House price growth is expected to slow in the coming year, despite recent increases, as a combination of economic factors and a record number of homes on the market put downward pressure on prices.
Edward Allenby of Oxford Economics forecasts a softening of house price growth over the next twelve months. this anticipated slowdown is attributed to several converging economic pressures, including a projected deceleration in household income growth. Factors contributing to this include the impact of higher inflation, the implementation of tighter fiscal policies, the freezing of tax thresholds, and the potential for increased taxation.
In the first quarter of 2025, year-on-year house price growth stood at 5.5 per cent. However, this figure may not fully reflect the underlying market dynamics that are poised to influence future price movements.
Adding to the downward pressure on prices is a important oversupply of homes available for sale. Zoopla reported this week that approximately 553,000 properties are currently on the market, marking a record high.Richard Donnell from zoopla highlighted that this elevated supply is actively hindering price growth, with 12 per cent more properties listed compared to the same period last year. “This supports a ‘buyers’ market’ were there’s plenty of choice and offers can be competitive,limiting house price increases,” Donnell stated.
Remortgaging Opportunities Emerge
for homeowners whose mortgage terms are nearing their end, the current market presents a favourable opportunity to explore new deals. Significant reductions in mortgage rates for those looking to switch lenders have been observed. According to Gettins, the disparity between rates offered to first-time buyers and those remortgaging has narrowed considerably in the past six to twelve months.

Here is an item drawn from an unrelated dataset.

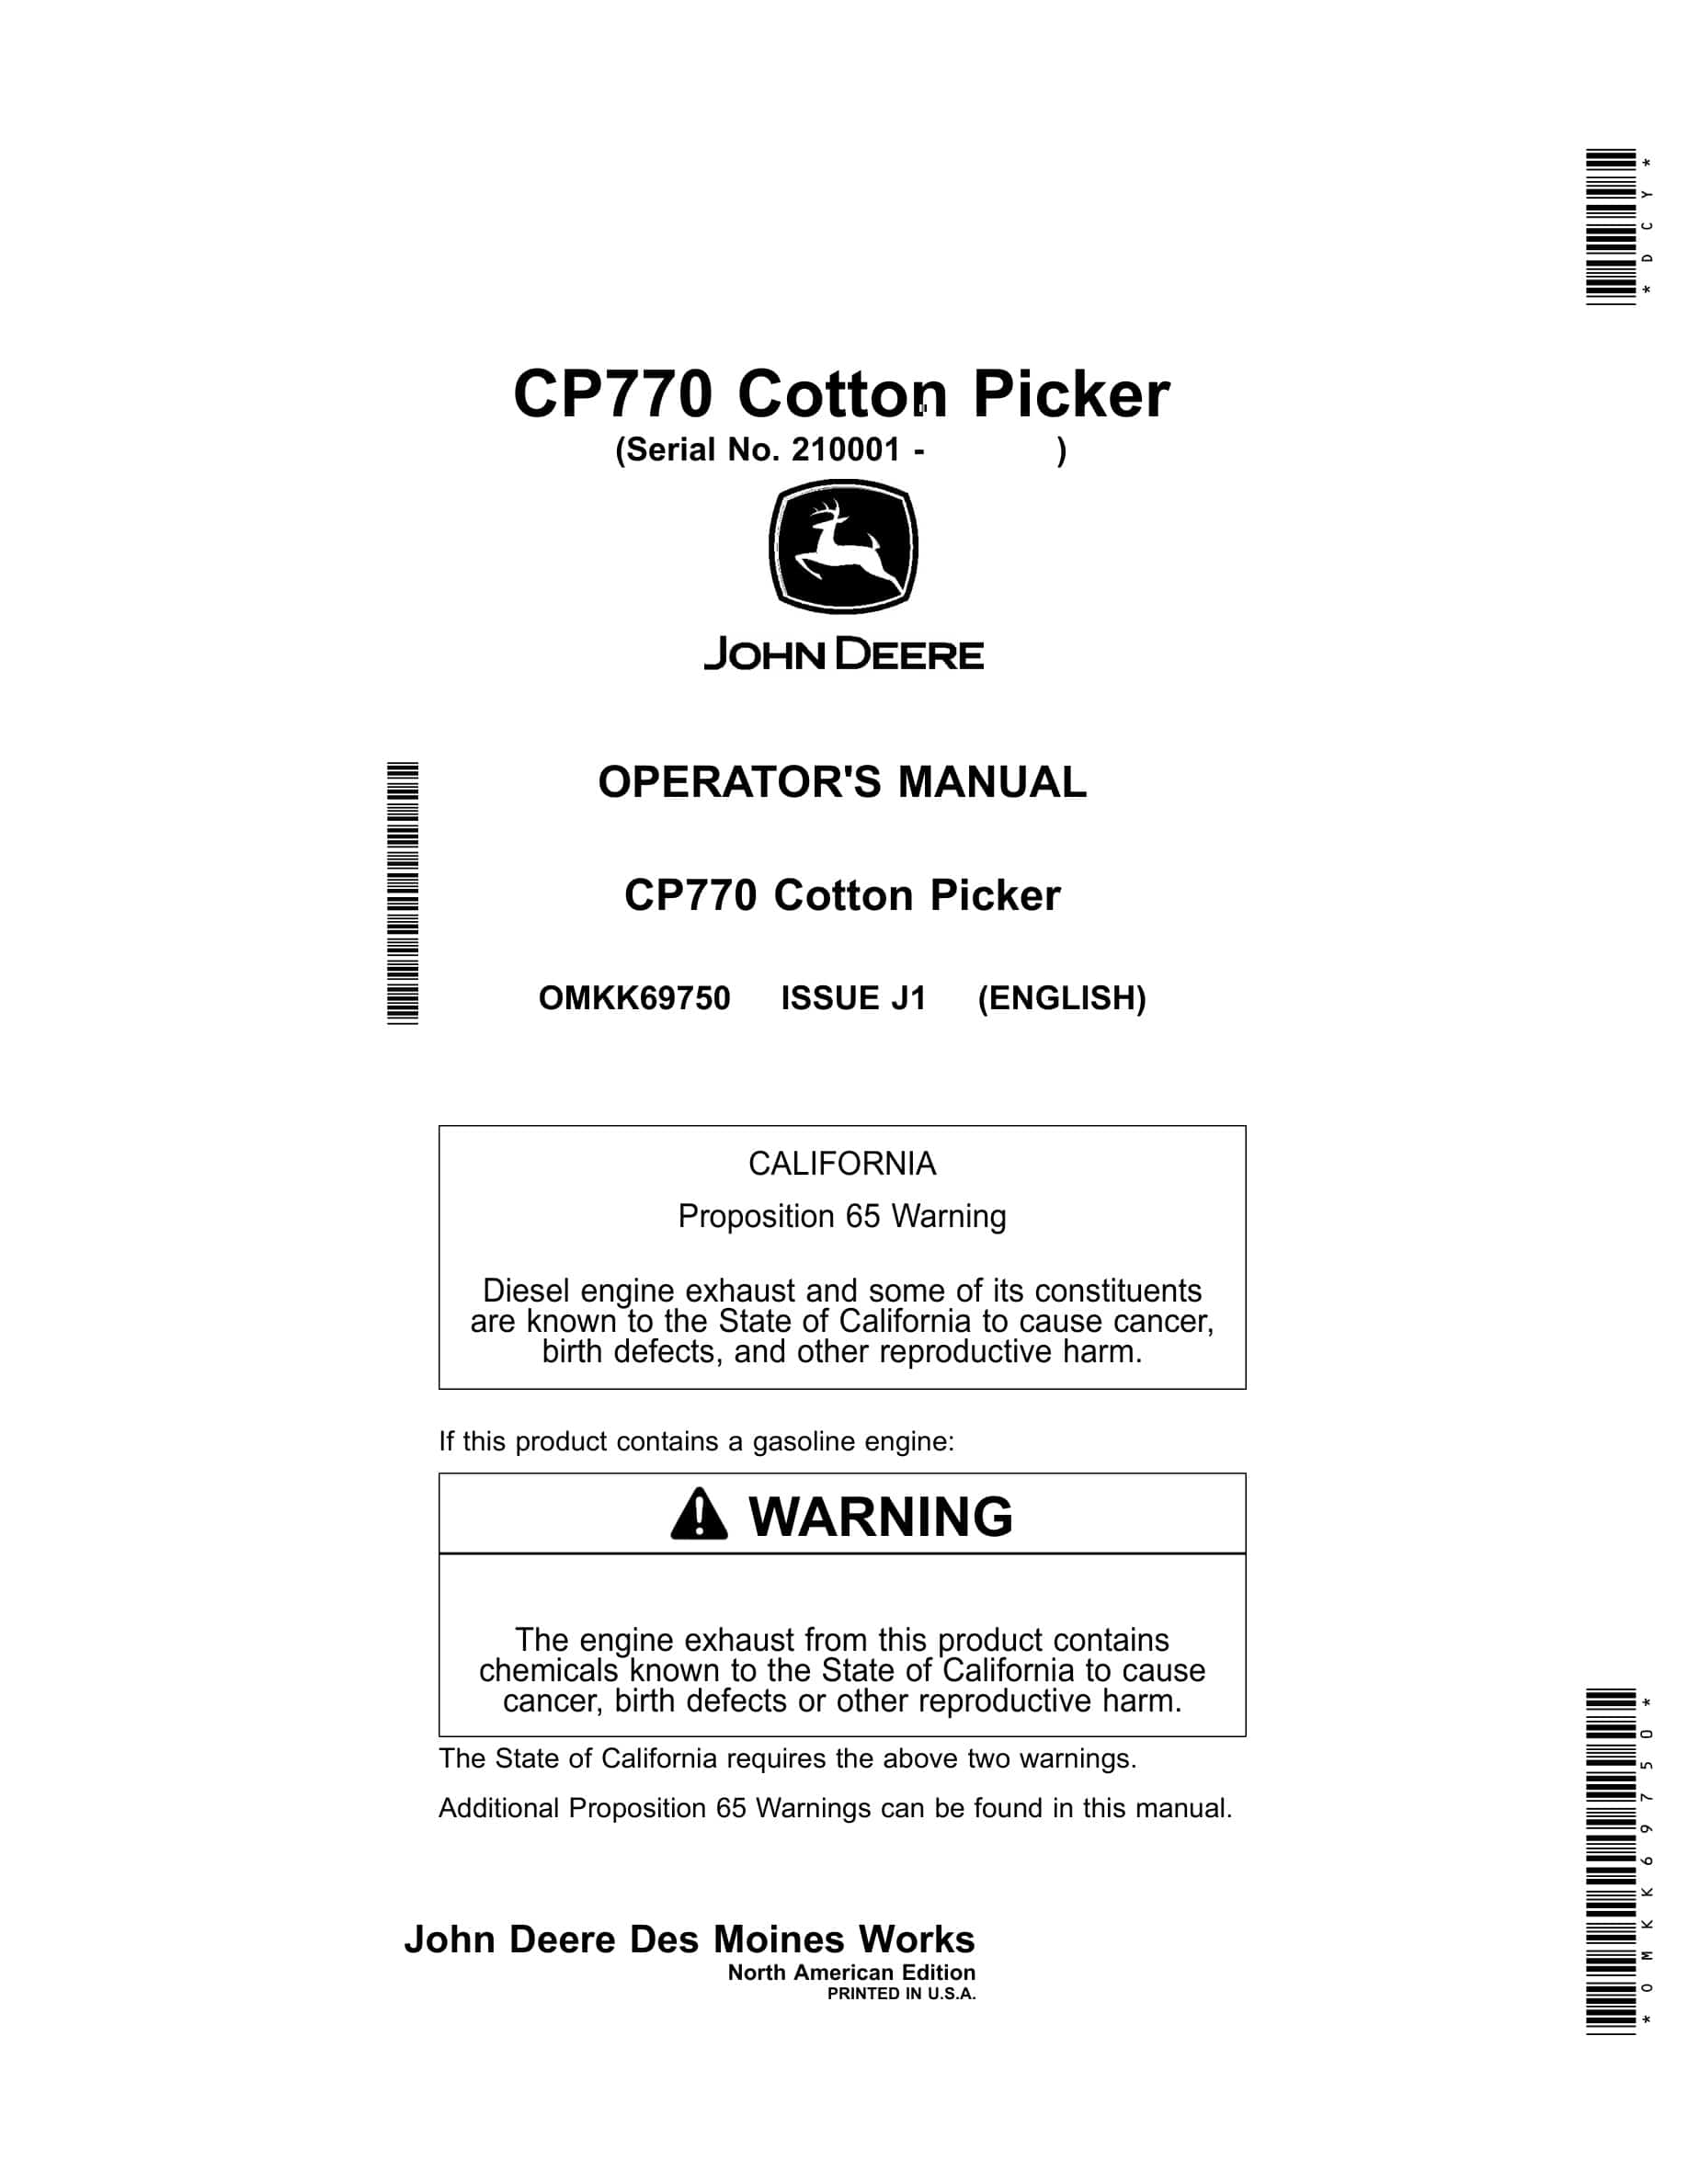 John Deere CP770 Cotton Picker Operator Manual OMKK69750-1

Banks are demonstrating increased competitiveness for both remortgaging customers and those moving home,a positive advancement for individuals whose current deals are maturing.
Analysis conducted by L&C reveals that the lowest available two-year fixed remortgage rate has fallen to 3.79 per cent, a decrease of 0.17 percentage points as the beginning of May.This rate is now closely aligned with rates for new buyers, with the lowest two-year fixed mortgage rate for buyers at 3.76 per cent, representing a 0.22 percentage point drop from the equivalent rate in May.
Industry experts suggest that the high volume of remortgaging activity is driven not only by the availability of more attractive rates but also by a confluence of borrowers coming off their two and five-year fixed-rate mortgages concurrently. Chris Sykes of mortgage broker MSP Financial Solutions explained, “There have been a series of events that have led to a big remortgage year.” He elaborated, “You probably fixed at five years in covid before rates rose, and then those getting mortgages two years ago when rates went really high after the Truss budget would have fixed for two years hoping rates would come down.”